= Beginning of Section =

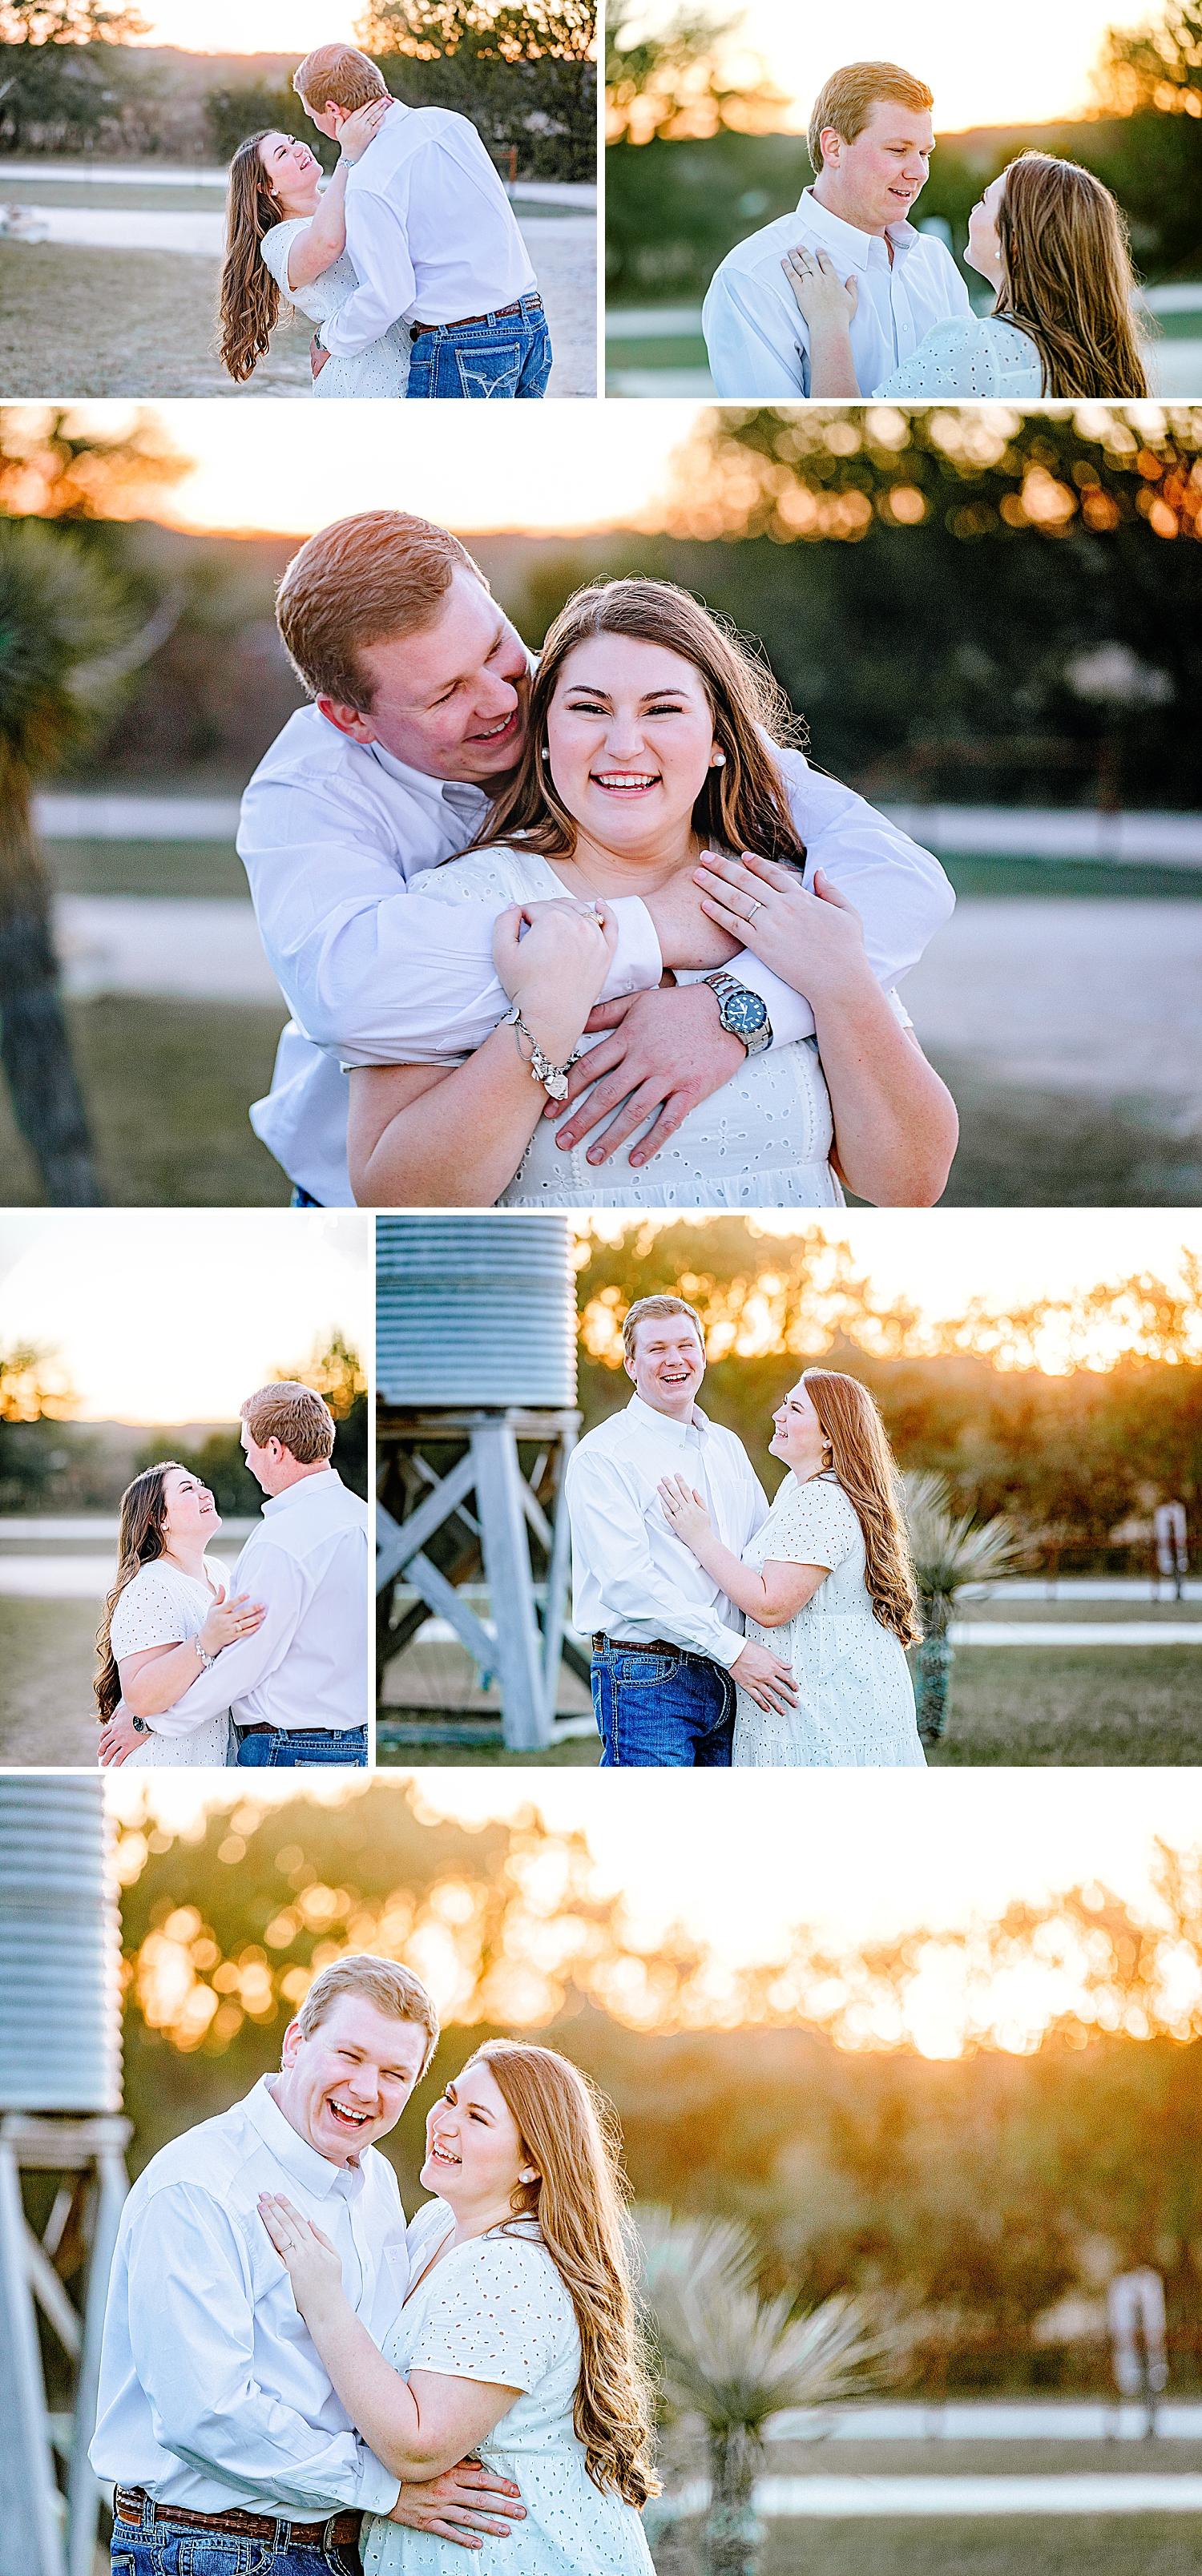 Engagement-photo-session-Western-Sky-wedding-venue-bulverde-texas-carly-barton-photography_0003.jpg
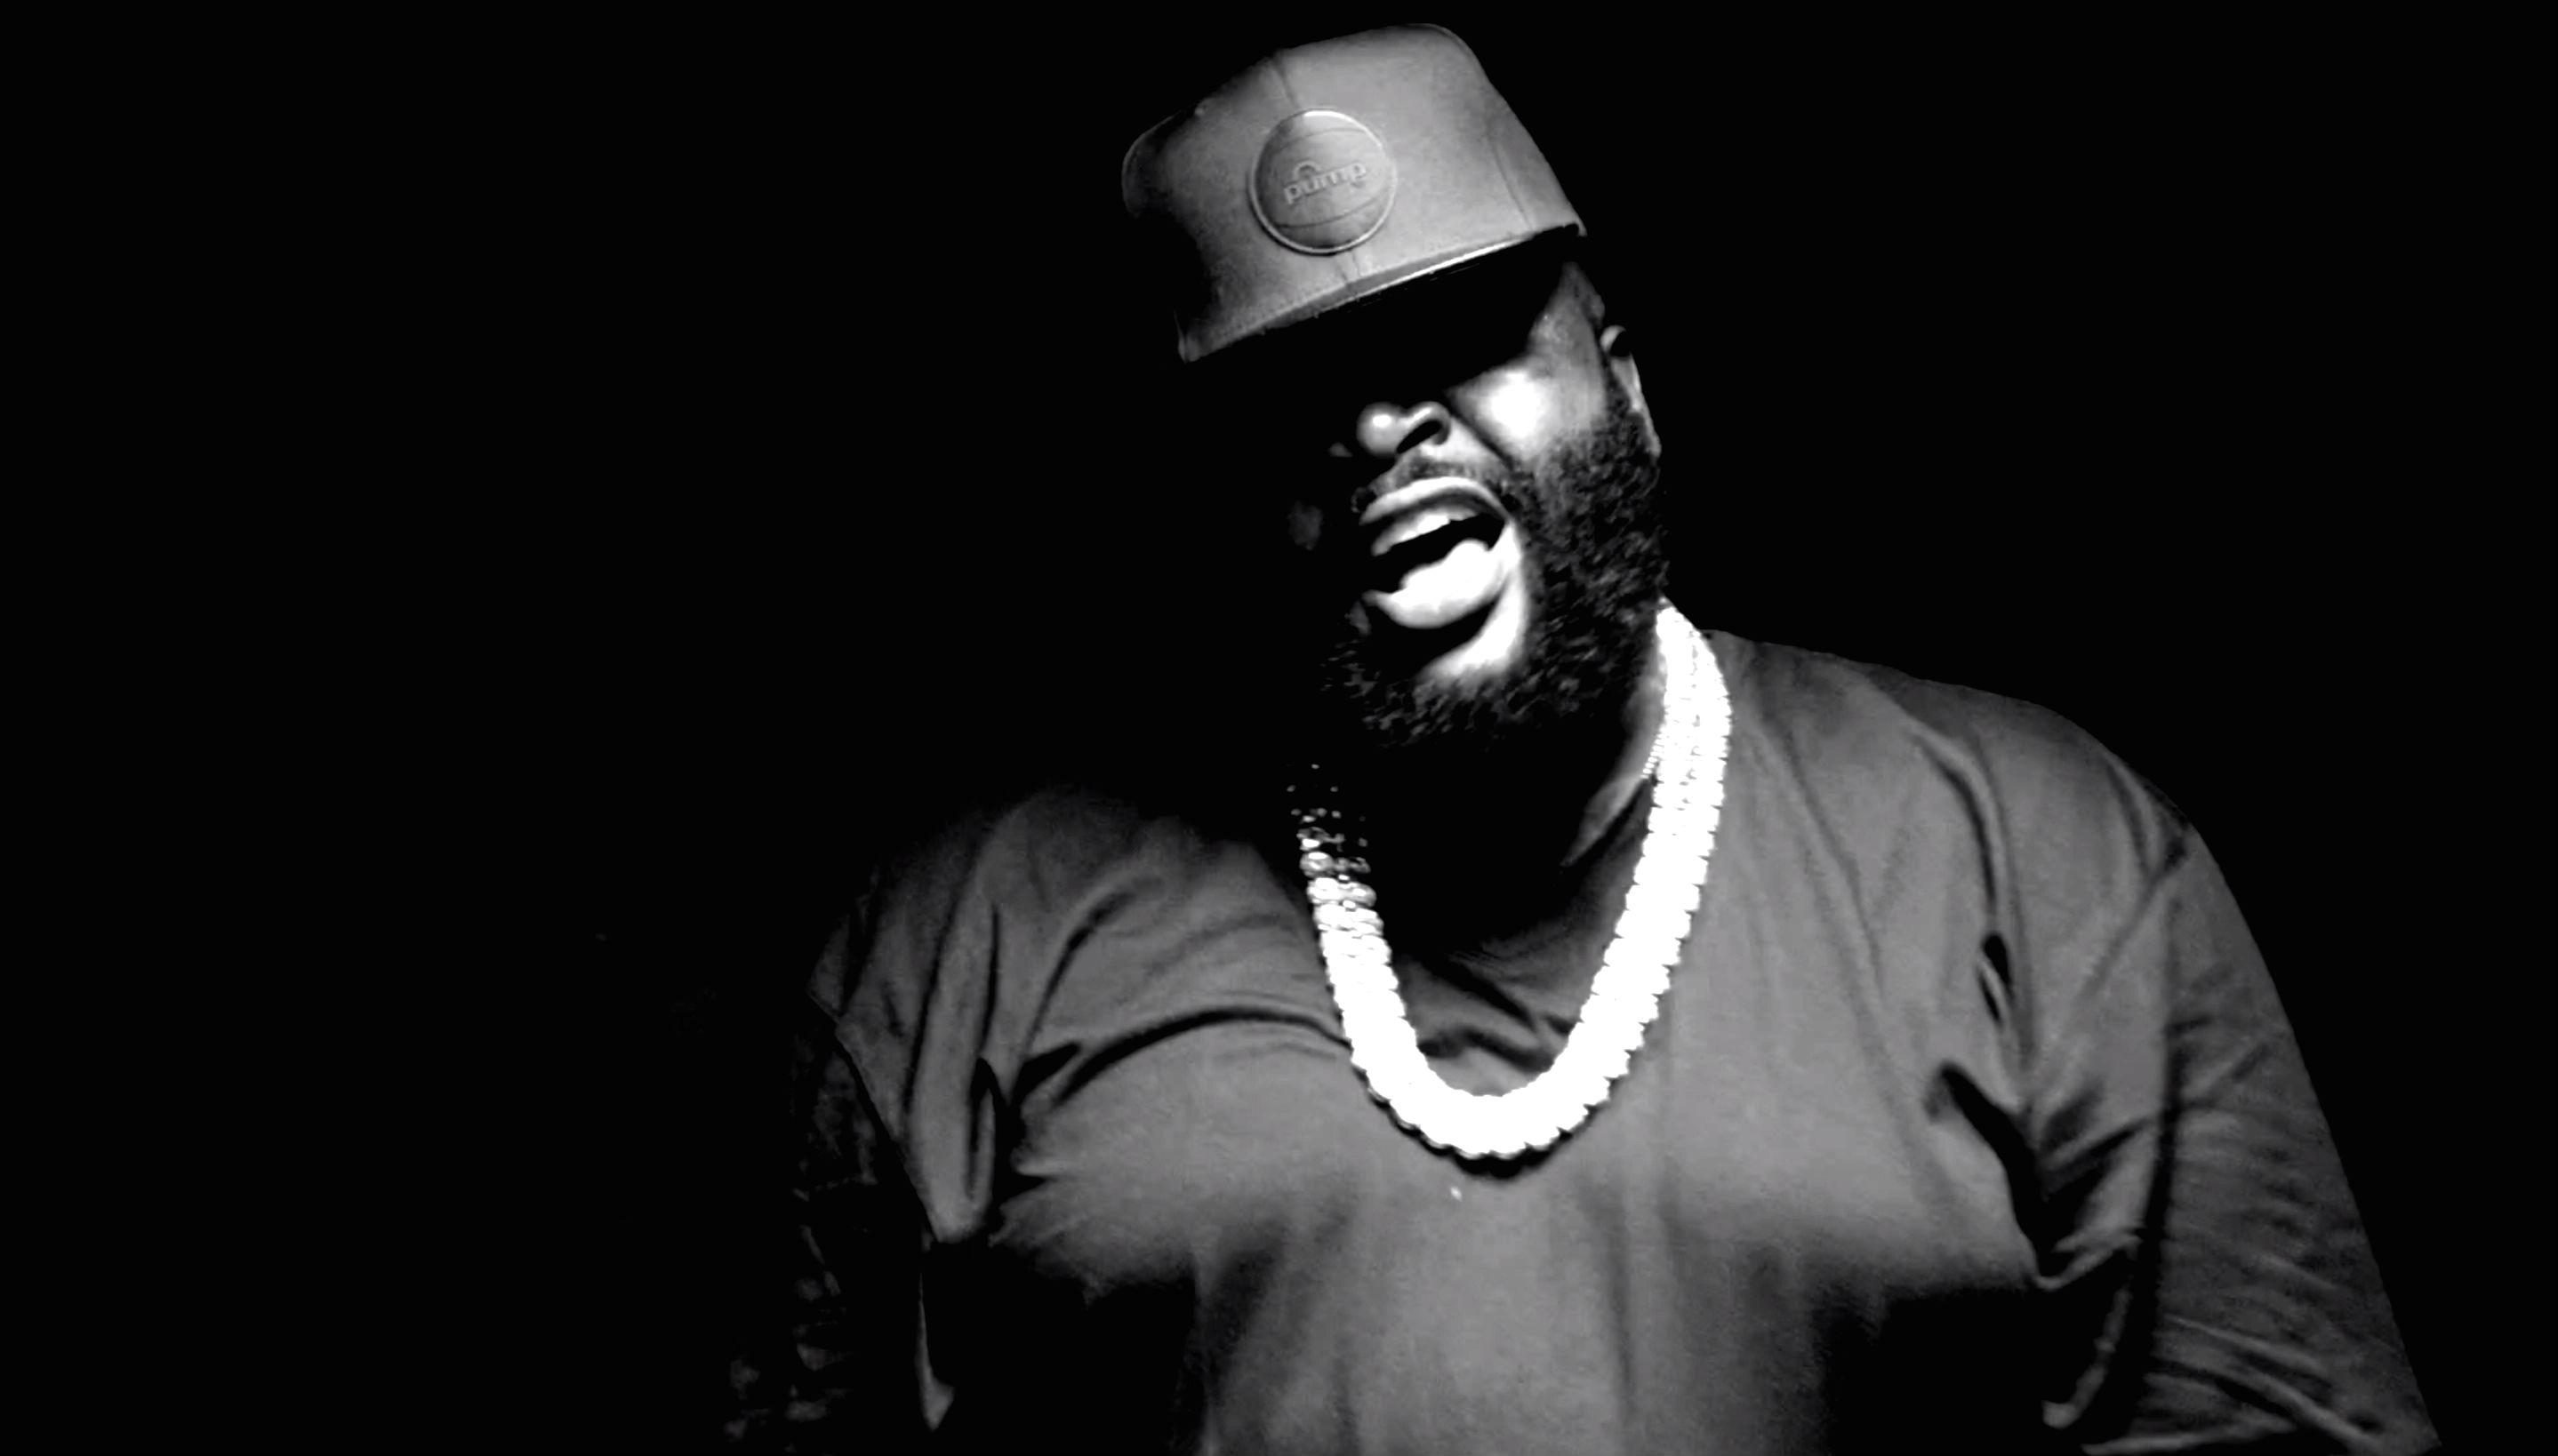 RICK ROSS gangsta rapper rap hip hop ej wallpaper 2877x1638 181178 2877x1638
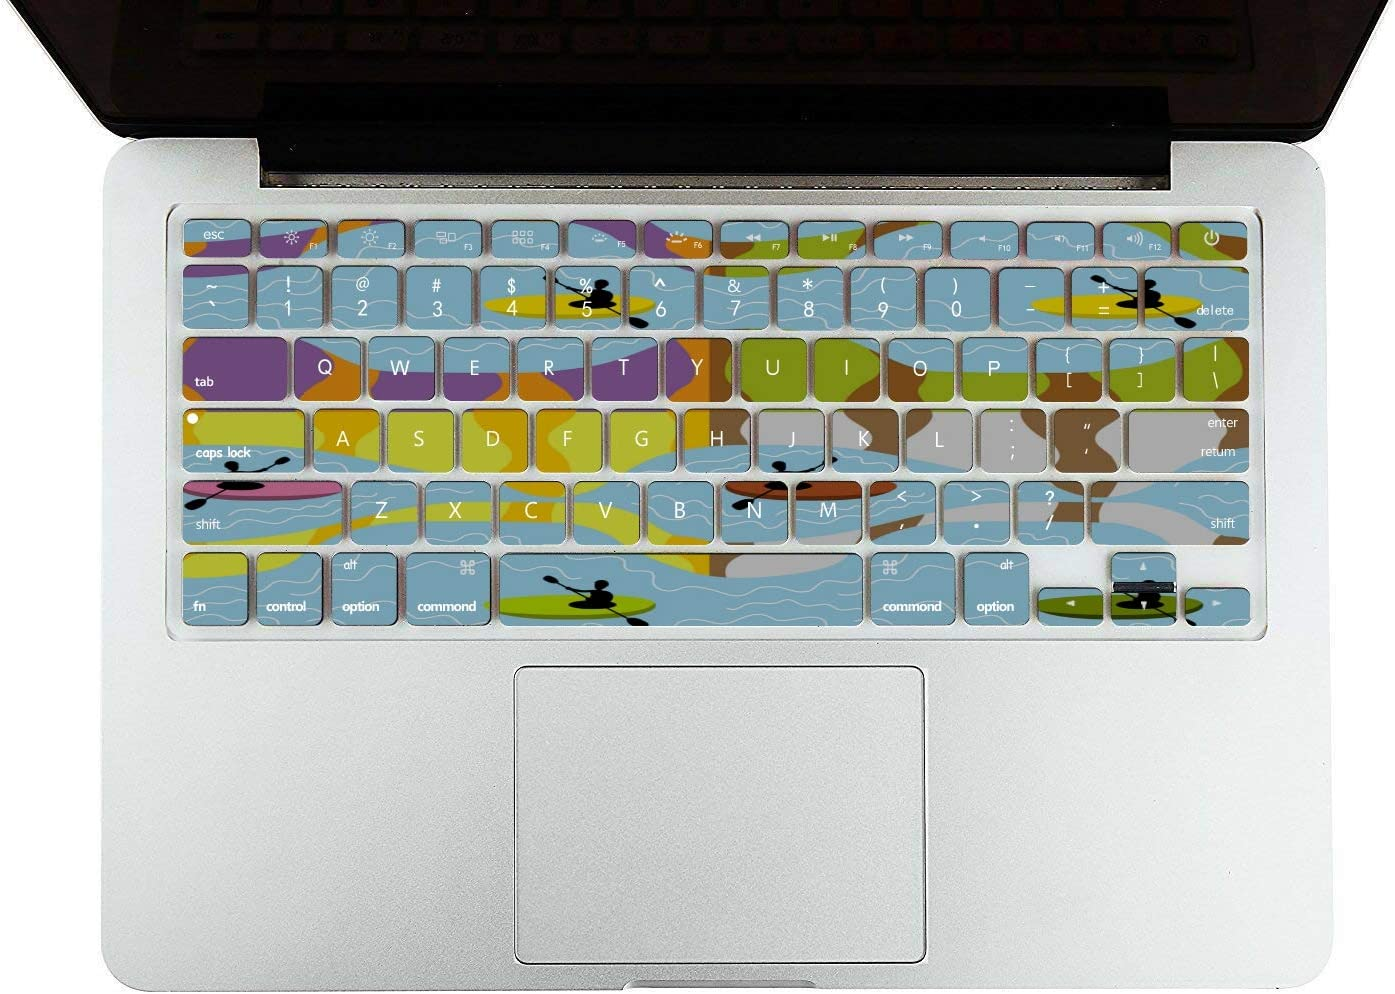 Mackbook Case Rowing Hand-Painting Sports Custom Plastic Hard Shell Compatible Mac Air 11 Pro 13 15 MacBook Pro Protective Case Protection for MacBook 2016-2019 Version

= End of Section =

▶ _What is expected_: Repeat the data above exactly, images excluded.

▶ _Answer section_:
 Engagement-photo-session-Western-Sky-wedding-venue-bulverde-texas-carly-barton-photography_0003.jpg
 RICK ROSS gangsta rapper rap hip hop ej wallpaper 2877x1638 181178 2877x1638
 Mackbook Case Rowing Hand-Painting Sports Custom Plastic Hard Shell Compatible Mac Air 11 Pro 13 15 MacBook Pro Protective Case Protection for MacBook 2016-2019 Version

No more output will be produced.